Дерево, обыкновенно липу или клен, выбирал самого ровного белого цвета, выросшее на месте высоком, сухом, и потому не легко загнивающее; старательно заделывал пазы, проклеивал доску крепким стерляжьим клеем, накладывал паволоку из мягкой старой холстины, намазывал слоями жидкий левкас, отнюдь не меловой, который употреблялся мастерами, помышлявшими более о дешевизне, чем
Вся доличная работа была уже исполнена.

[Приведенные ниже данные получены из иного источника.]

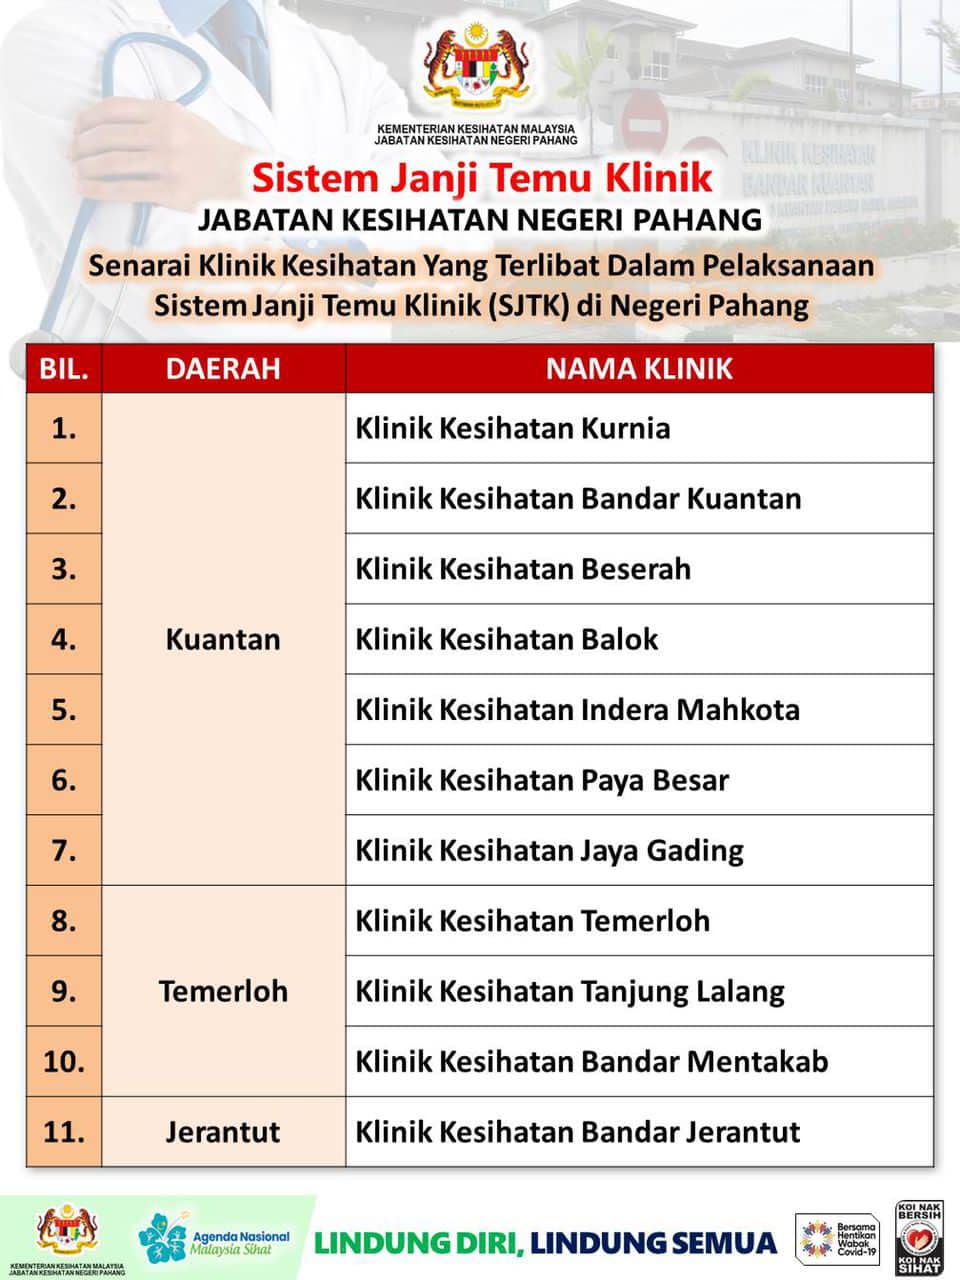 Sistem Janji Temu Klinik Kesihatan Kkm Di Portal Kerajaan Malaysia Bagi 11 Klinik Kesihatan Di Negeri Pahang Laman Web Mkn

В тот вечер приступил он к последней, самой важной и трудной части – к писанию человеческих лиц; так же как ризы, загрунтовал их темною краскою, потом постепенно стал «оживлять» тремя личными вохрами, из коих каждая последующая была светлее предыдущей, и, наконец, «подрумянивать щечку и уста, и бородку, и губки, и шейку».
Не довольствуясь резкими белыми «движками» старого новгородского письма, он стремился к новому, рублевскому, сходному с древневизантийским, более совершенному, как тогдашние мастера выражались, плавкому, облачному , в котором розоватое вохрение пущено в тонкую светлую тень; особенно же заботился о благолепии мужей – бороде, то короткой, курчеватой, то длинной, повившейся до земли, то широкой, распахнувшейся на оба плеча, то «рассохатой, с космочками», «продымленной», или с «подрусинками», или «с подсединками»; о выражении лиц величаво-строгом или «страдном» и нежном.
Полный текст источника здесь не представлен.